After arriving at New Bolton, Barbaro had become "America's Horse." People across the country kept up with his recovery and were cheering for him to get better. Thousands of 'Get Well' cards appeared on his stall door at the clinic, as well as flowers and presents. Reporters and newspapers covered his story almost on a daily basis, keeping America up to speed on "their" horse's recovery. On January 29, 2007, Barbaro, "America's Horse", and the Kentucky Derby winner who had been through so much, was euthanized. People across the country mourned with Barbaro's owners, and wished for a different outcome. He had survived a catastrophic event on the racetrack, but nature's course was too powerful for this little horse. Even though Barbaro may be gone, his spirit lives on in so many ways.

His stay at the New Bolton medical center, in Kennett Square, Chester County, had a huge impact on the world of medicine. His greatest impact was the light he cast on laminitis and the research on how to prevent it, leading to a new Laminitis research center at New Bolton. The Barbaro Fund, which has raised $1.2 million, supports ongoing patient medical care and the expansion of the George D. Widener Large Animal Hospital.

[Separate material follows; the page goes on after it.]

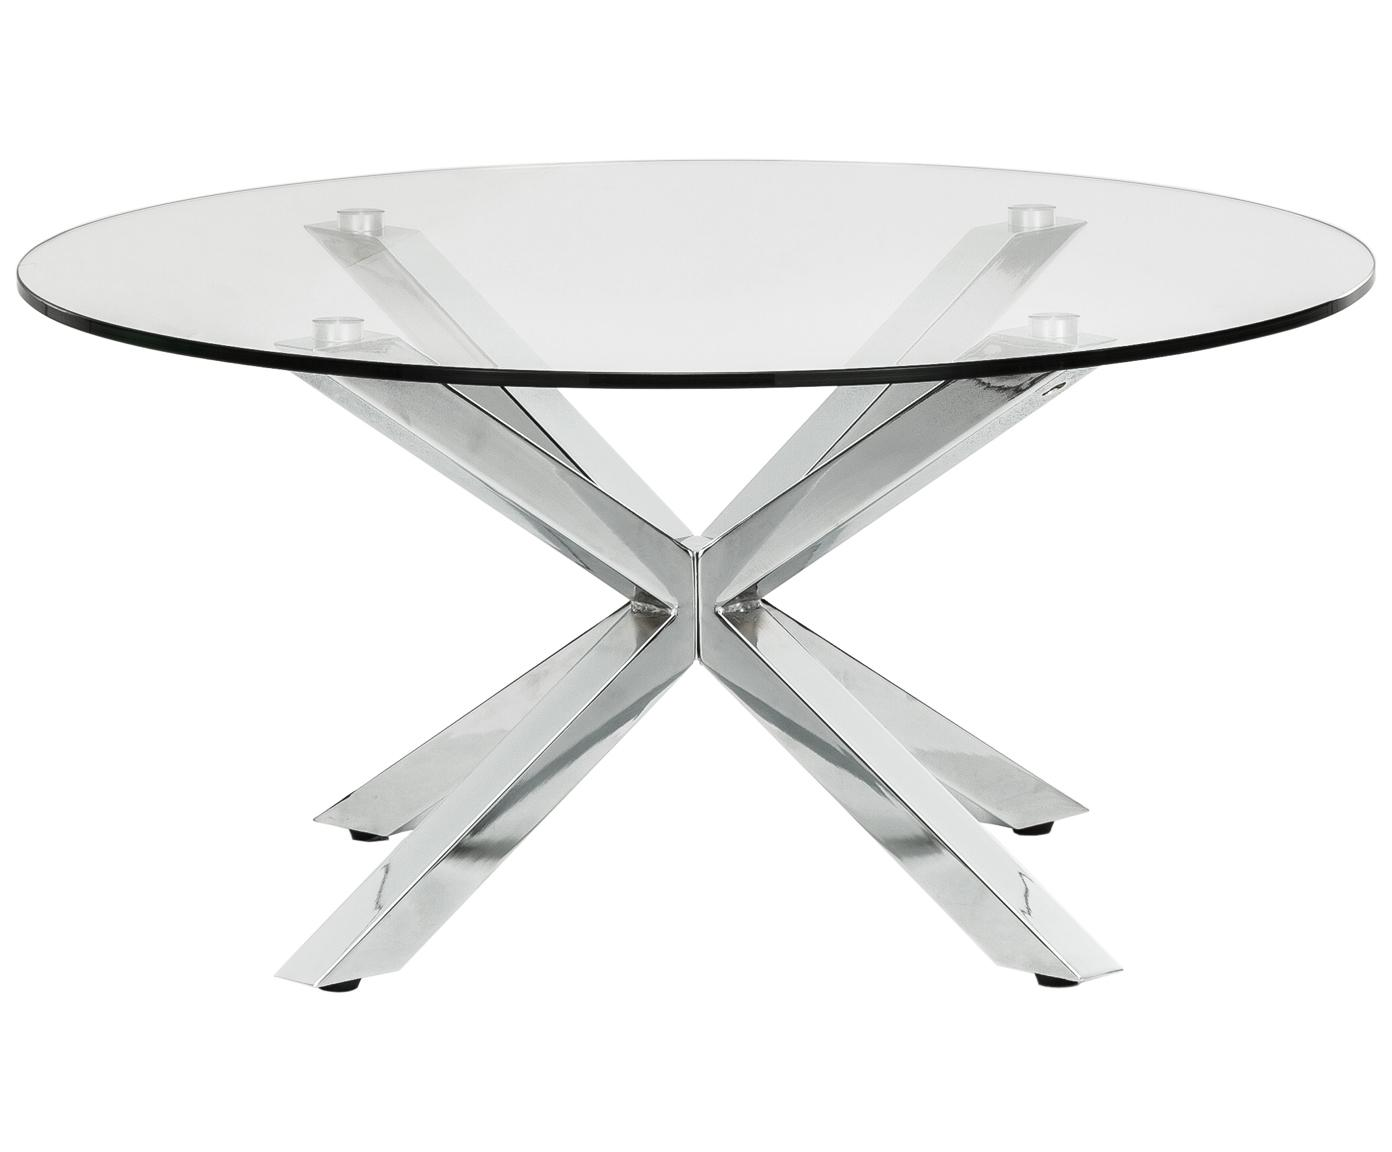 Mesa de centro Emilie, tablero de cristal, Tablero: vidrio, Patas: metal cromado, Transparente, cromo, Ø 82 x Al 40 cm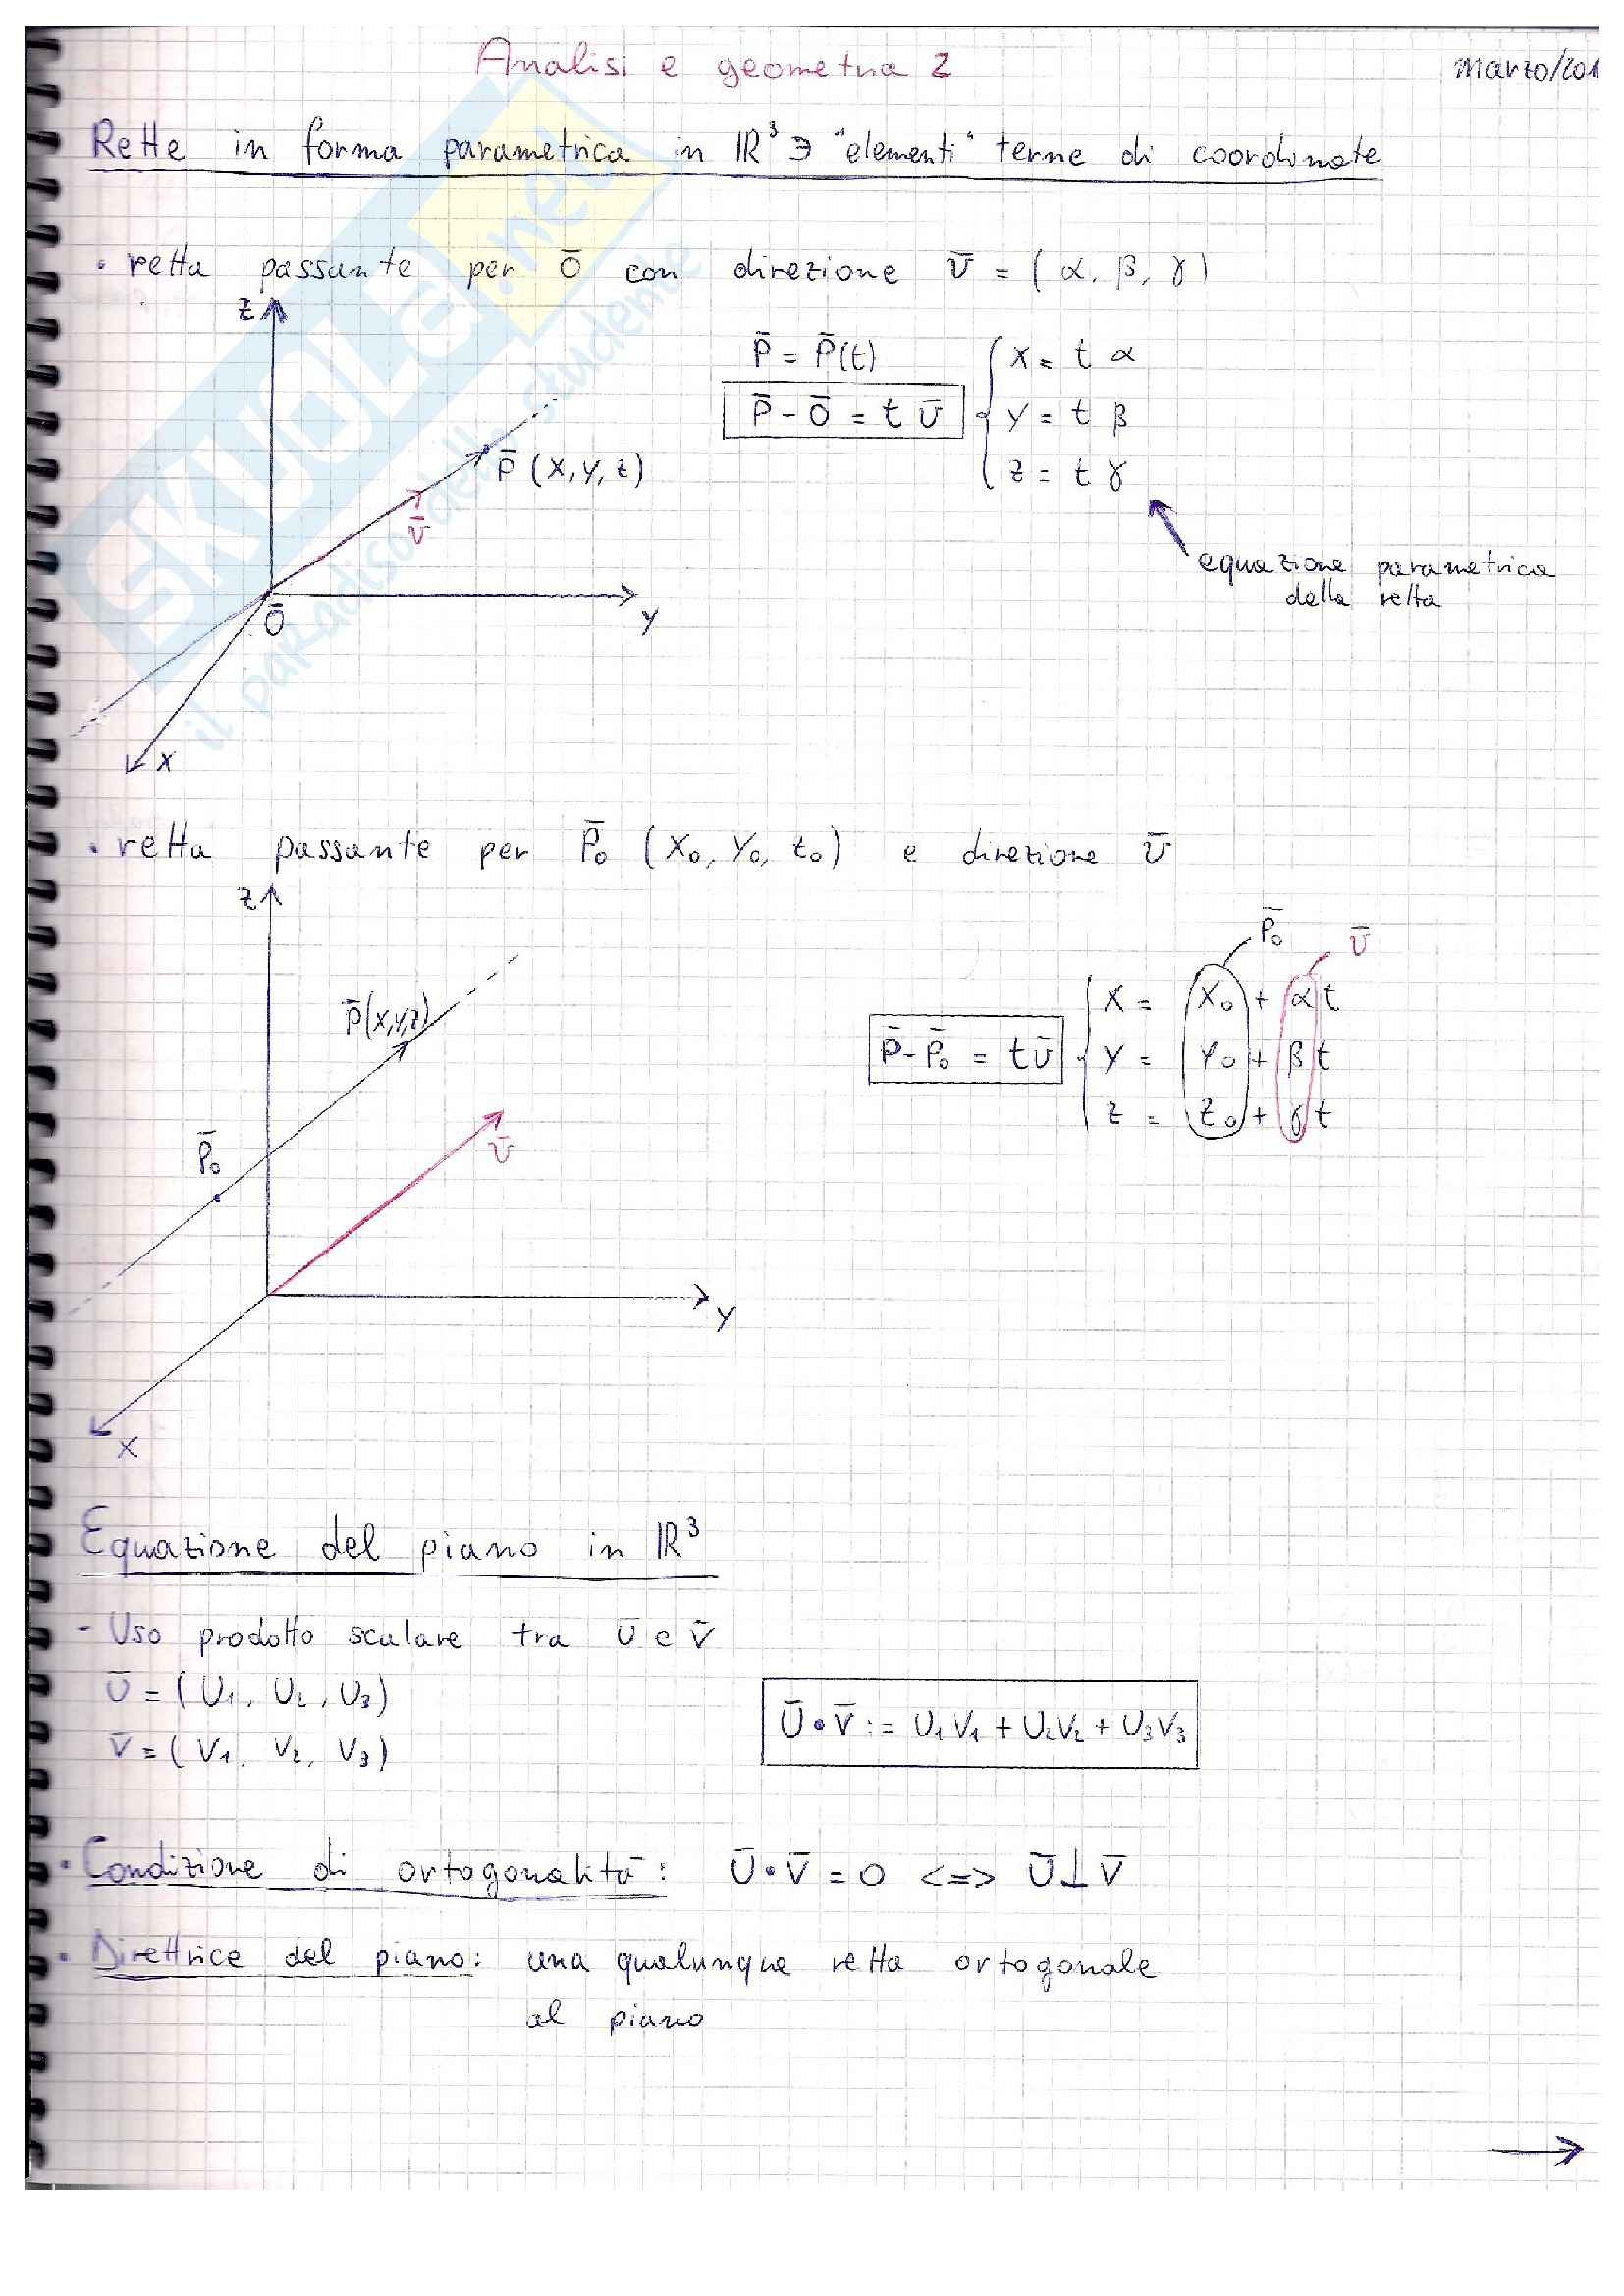 appunto F. Vegni Analisi e geometria 2

Barbaro Memorial at the Kentucky Derby Museum
Socks, travelpod.com
Barbaro’s memorial at Churchill Downs by sculptor Alexa King.

There were also two races renamed in Barbaro's honor. The Pimlico Racecourse, site of the Preakness, renamed the Sir Barton Stakes, part of the Preakness undercard, the Barbaro Stakes. The Delaware Park Racecourse, where Barbaro had his maiden race as a three-year-old, renamed the Leonard Richards Stakes, a Grade III race for three-year-olds, the Barbaro Stakes, as well.

While Barbaro's racing career was short lived, he will always be remembered as "America's Horse." On April 26, 2009, Barbaro's ashes were buried outside Gate 1, near the Kentucky Derby Museum. Marking his resting place is a bronze statue of Barbaro in the 2006 Derby by sculptor Alexa King. Though Barbaro will race no more, he will be eternally running outside Churchill Downs.